═════ EXCERPTED RECORDS ═════

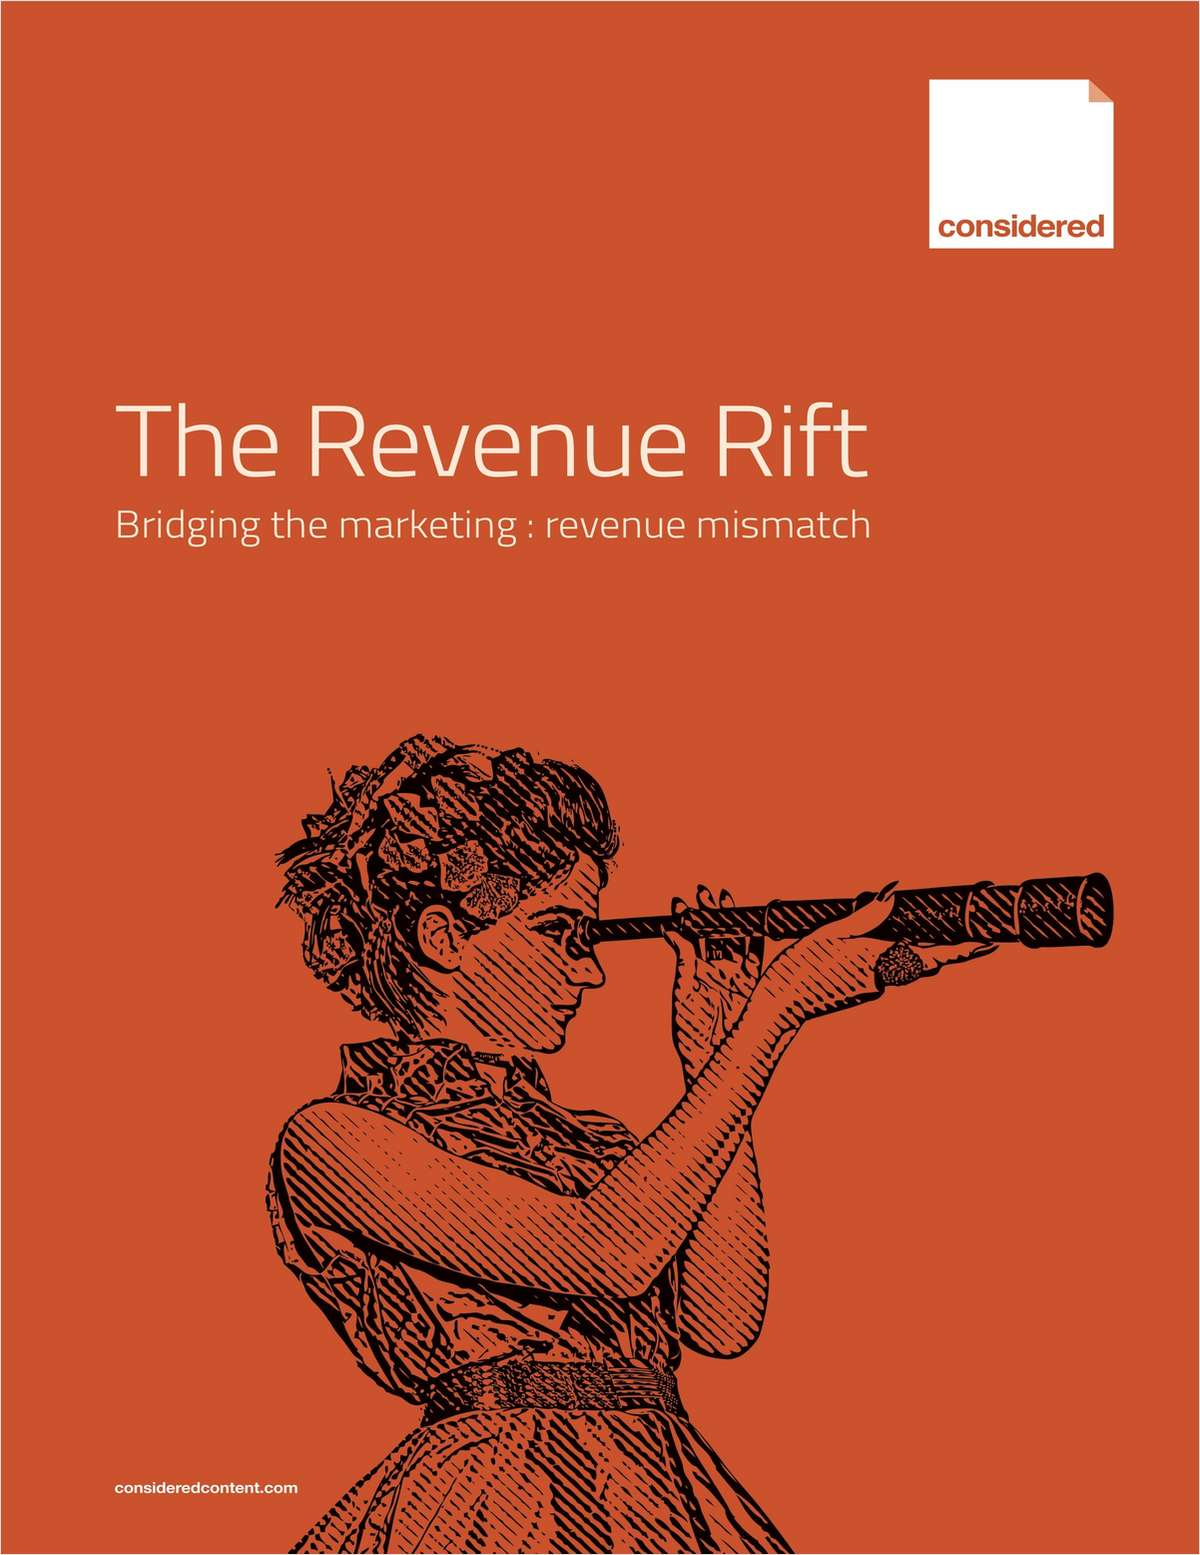 The Revenue Rift Report--Bridging the Marketing : Revenue Mismatch
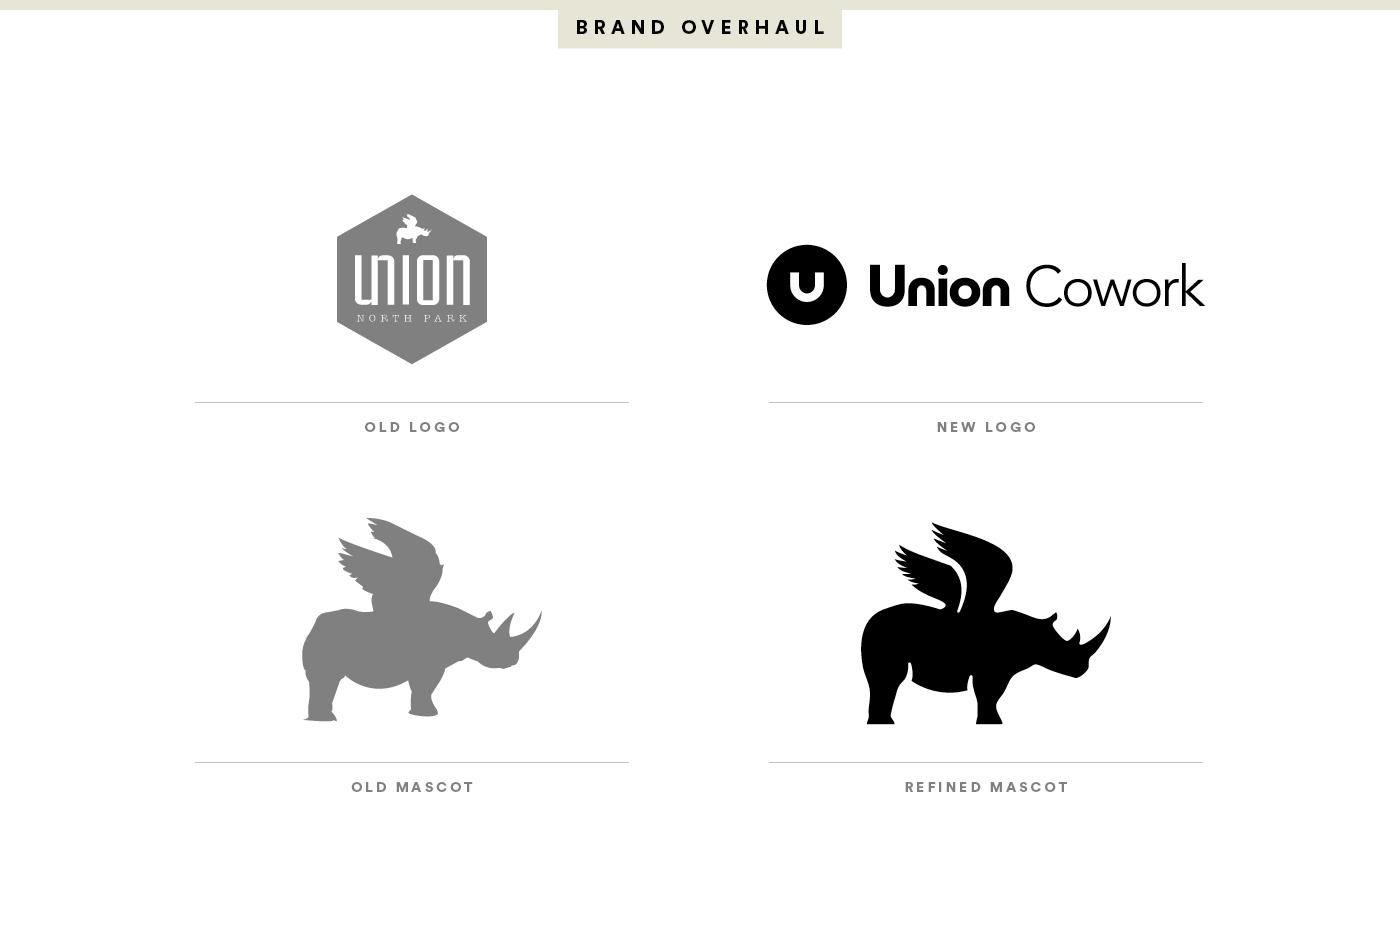 coworking wordpress community ILLUSTRATION  appareldesign Sandiego corporateidentity cinemagraph brand interactive
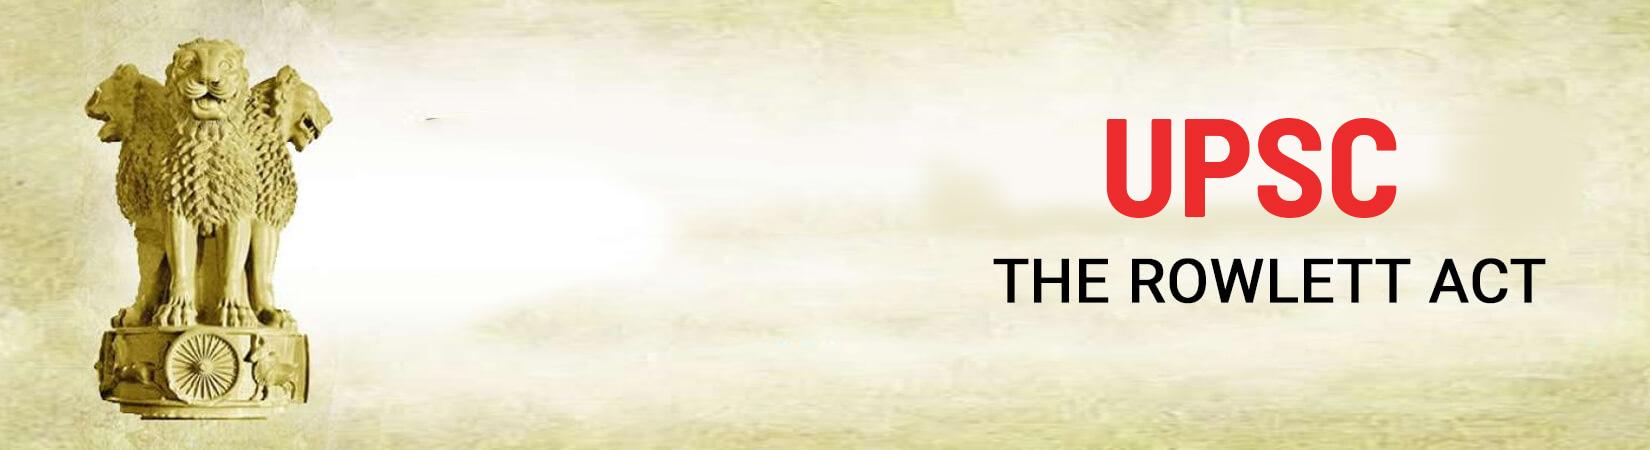 The Rowlatt Act: UPSC  Important Topics
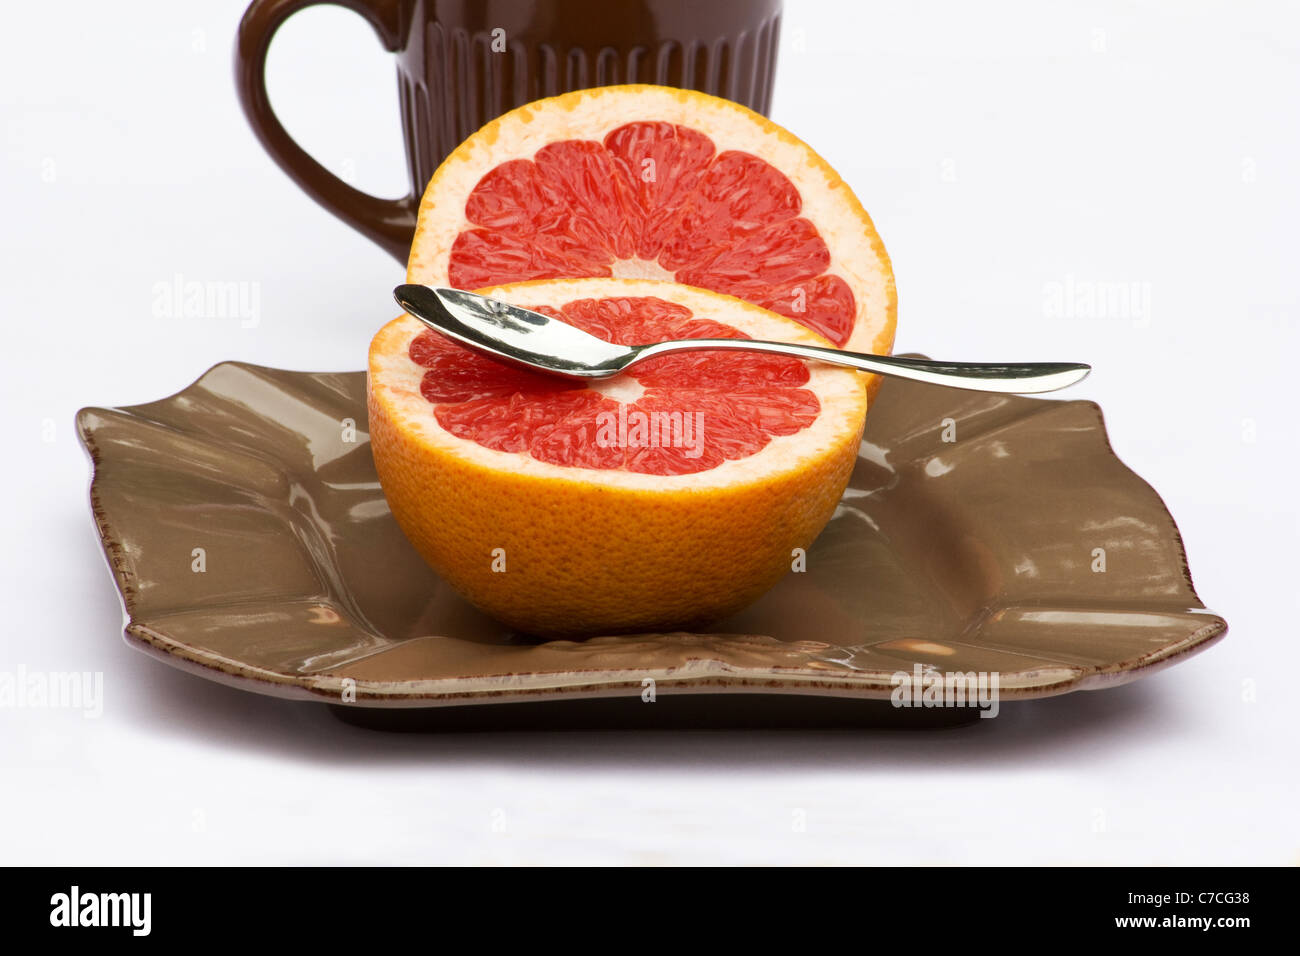 Fresh ruby grapefruit cut in halves on white background - Stock Image
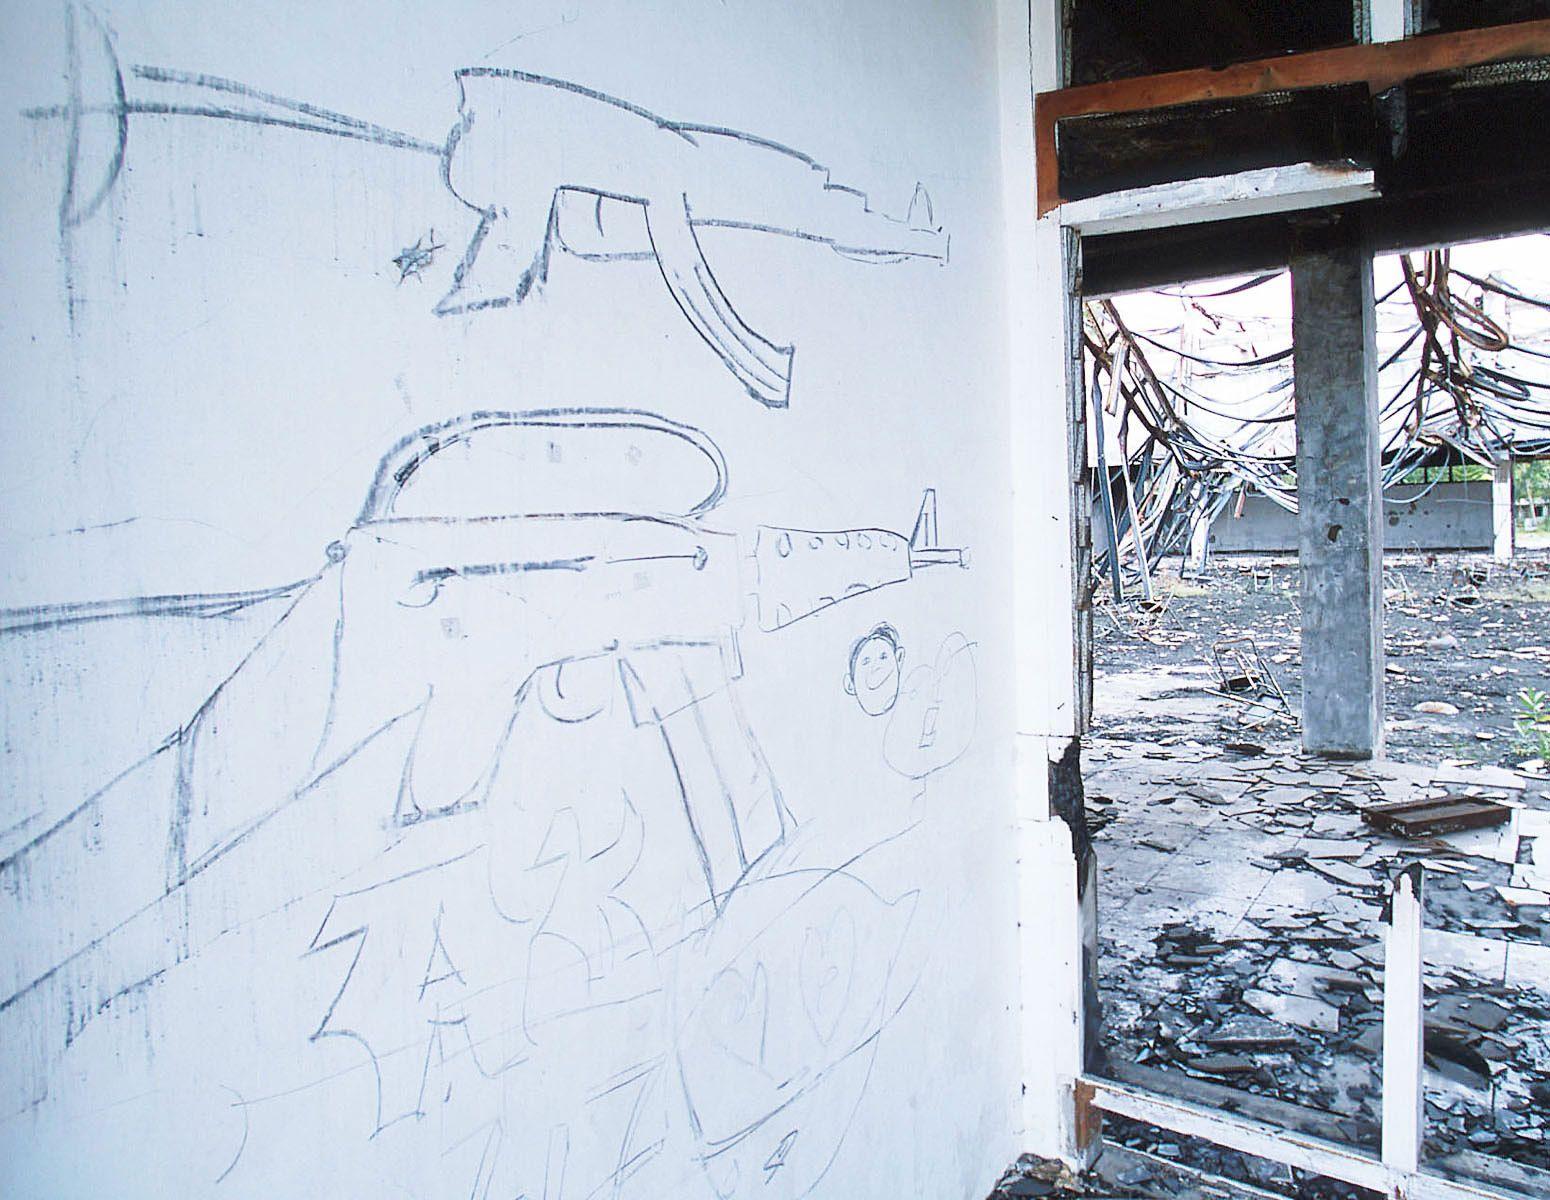 Graffiti on the wall.Syiah Kuala University, Banda Aceh, September 2001
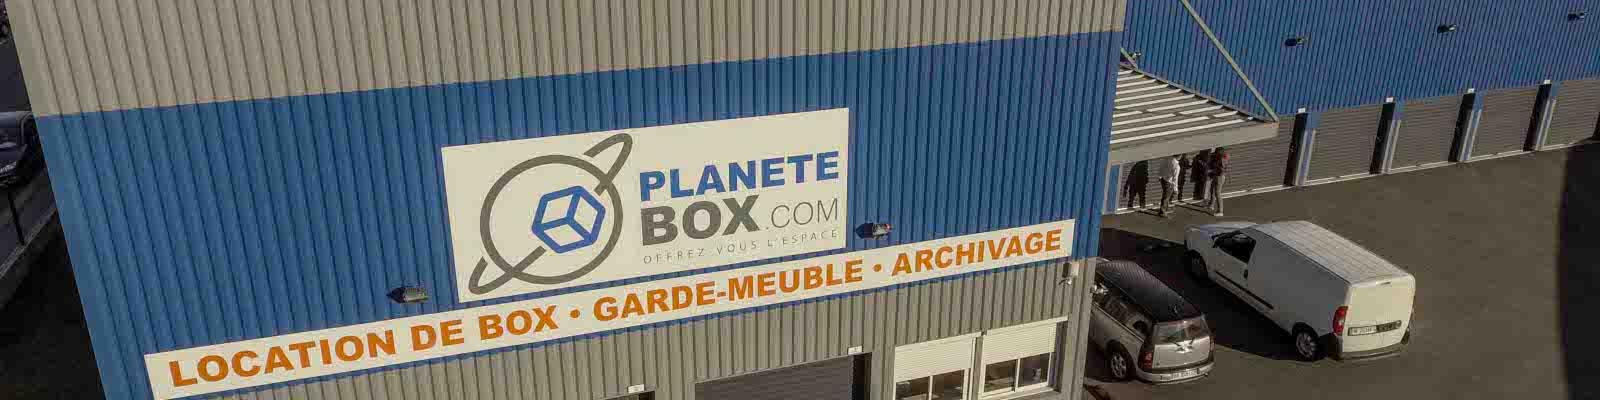 location box pas cher toulouse self

═════

PROBLEM STATEMENT —
Instructions for the copy: start at the first entry, stop after the line containing "The Rowlatt Act: UPSC", keep every line exact, and drop the pictures.

TASK OUTPUT —
 The Revenue Rift Report--Bridging the Marketing : Revenue Mismatch
 coworking wordpress community ILLUSTRATION  appareldesign Sandiego corporateidentity cinemagraph brand interactive
 The Rowlatt Act: UPSC  Important Topics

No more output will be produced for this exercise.